— TASK INSTRUCTIONS —
Transcribe the lines below exactly, beginning with the line that holds "Woman holding a sign that say help." and ending with the final line, both included. Pictures are to be left out.

— GIVEN MATERIAL —
━━━━━━━━

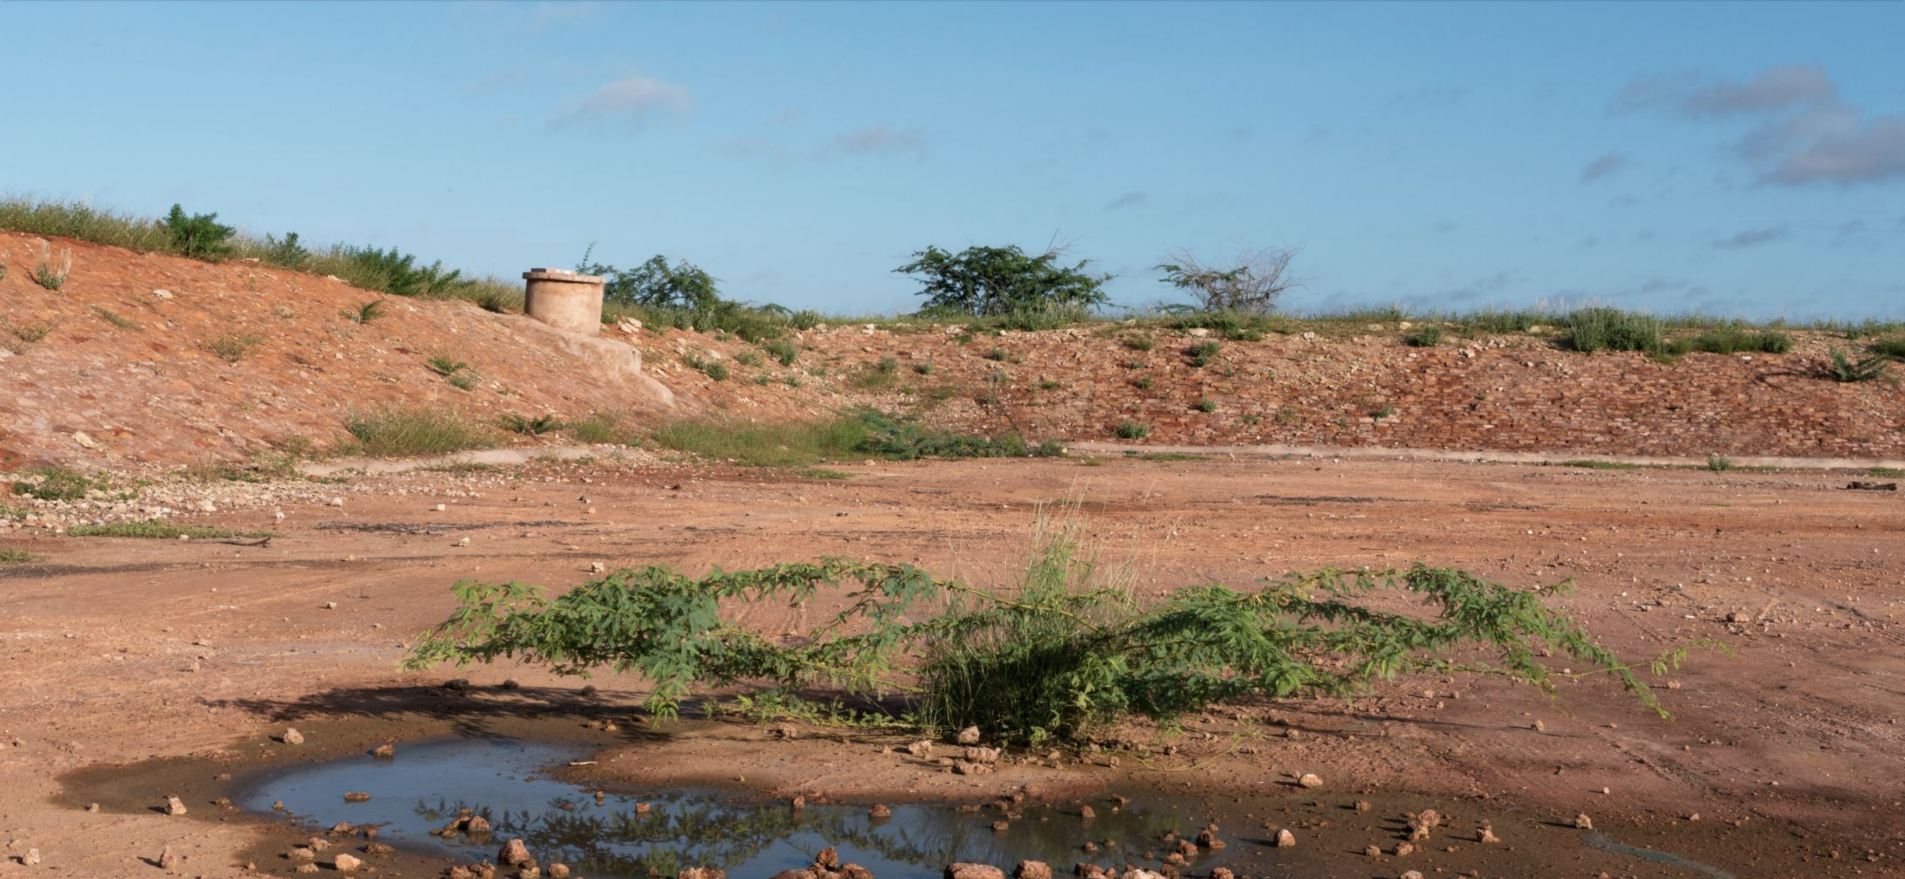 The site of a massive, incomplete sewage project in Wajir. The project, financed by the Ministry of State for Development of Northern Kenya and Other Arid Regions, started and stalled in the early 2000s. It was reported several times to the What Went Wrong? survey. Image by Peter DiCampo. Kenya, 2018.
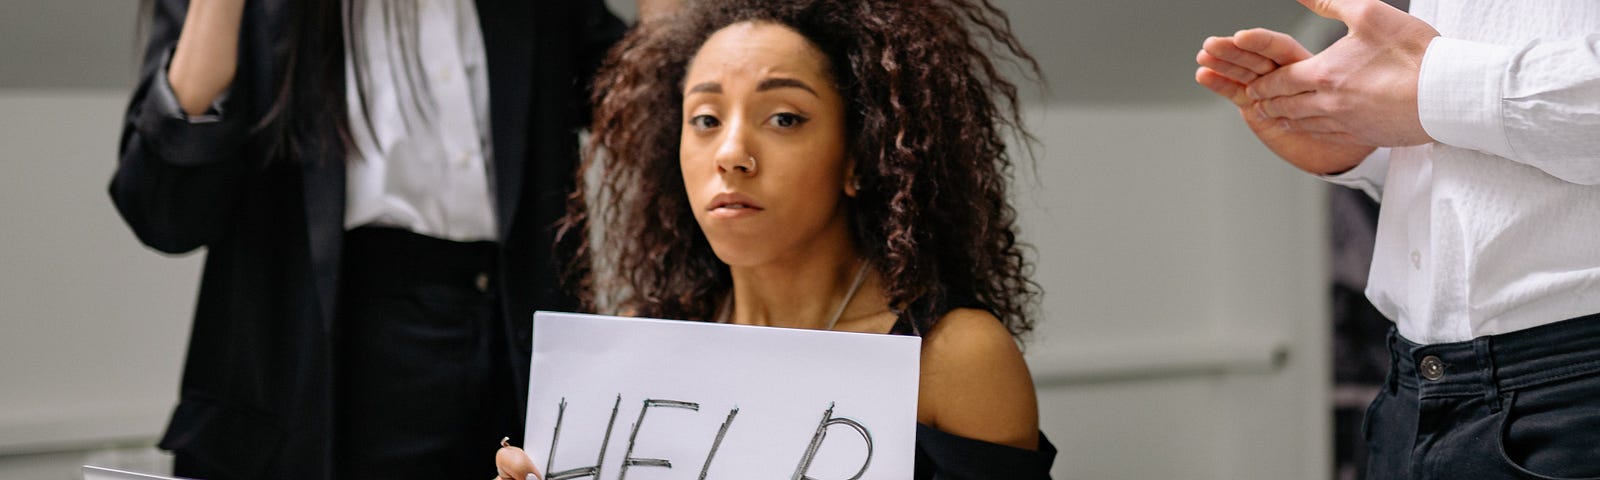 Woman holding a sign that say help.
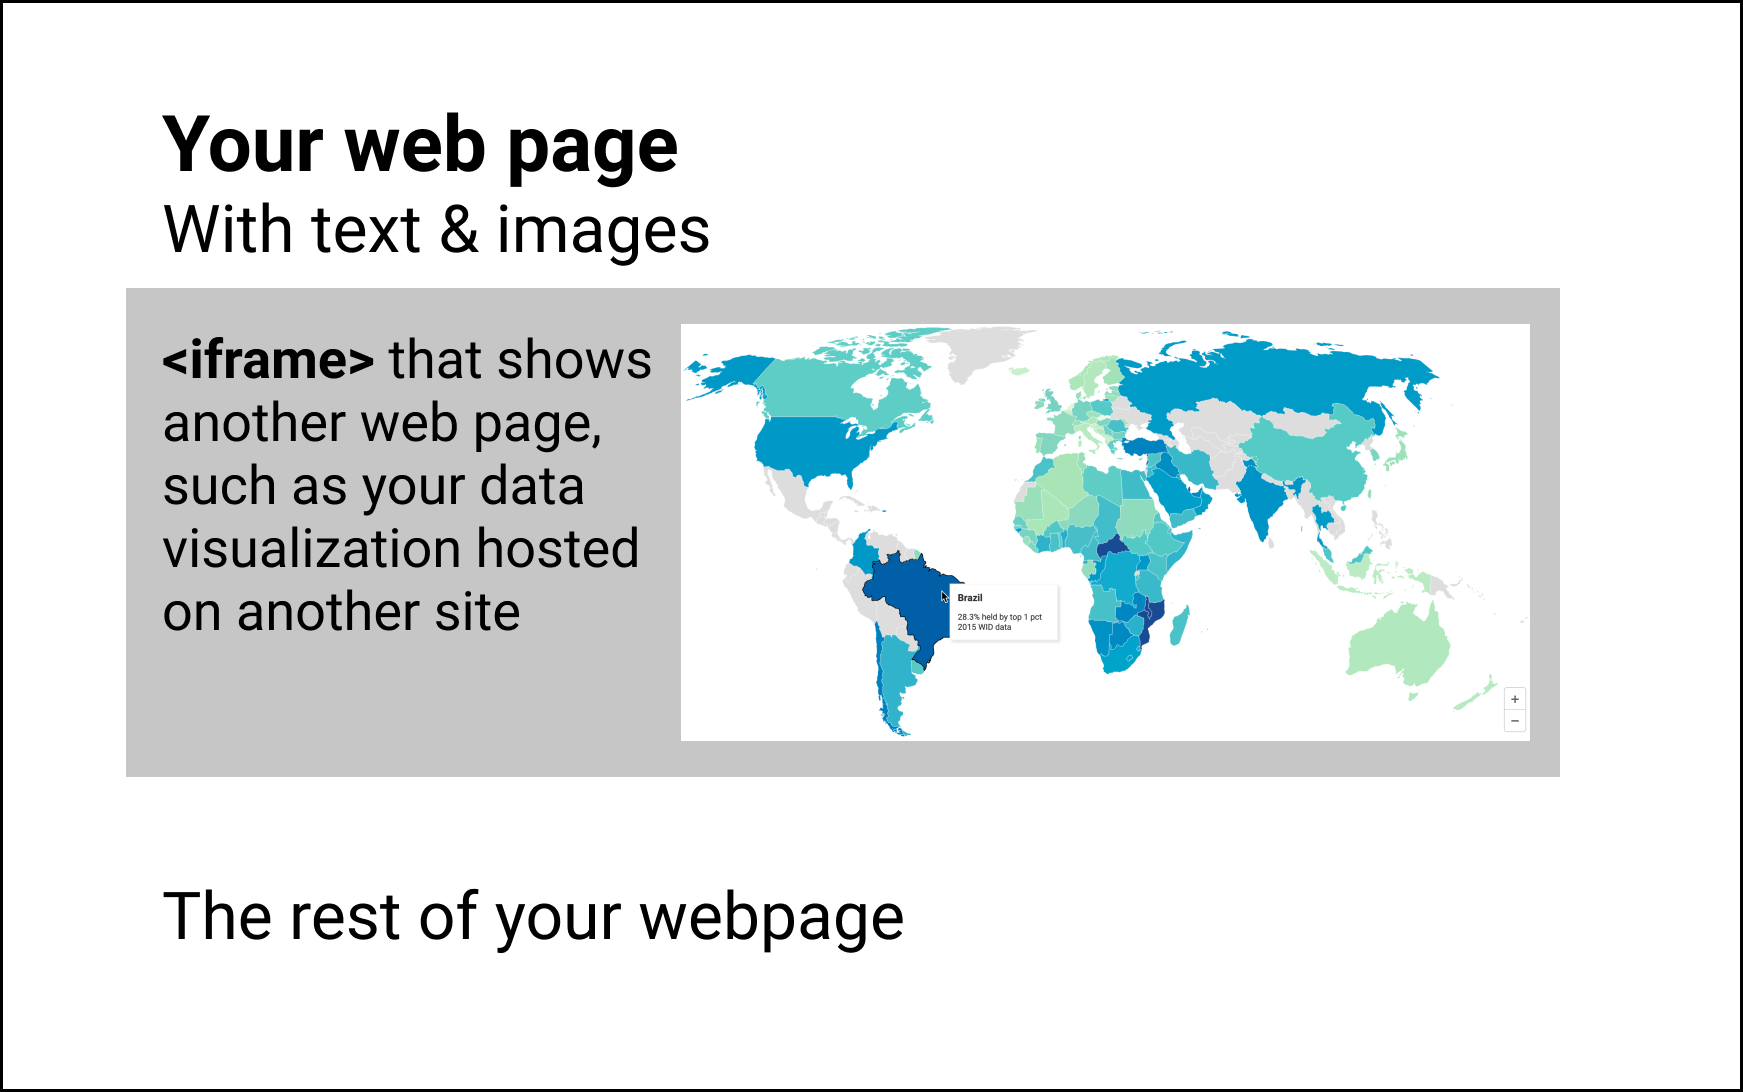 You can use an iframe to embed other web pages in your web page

━━━━━━━━

— WRITTEN SOLUTION —
 Woman holding a sign that say help.
 You can use an iframe to embed other web pages in your web page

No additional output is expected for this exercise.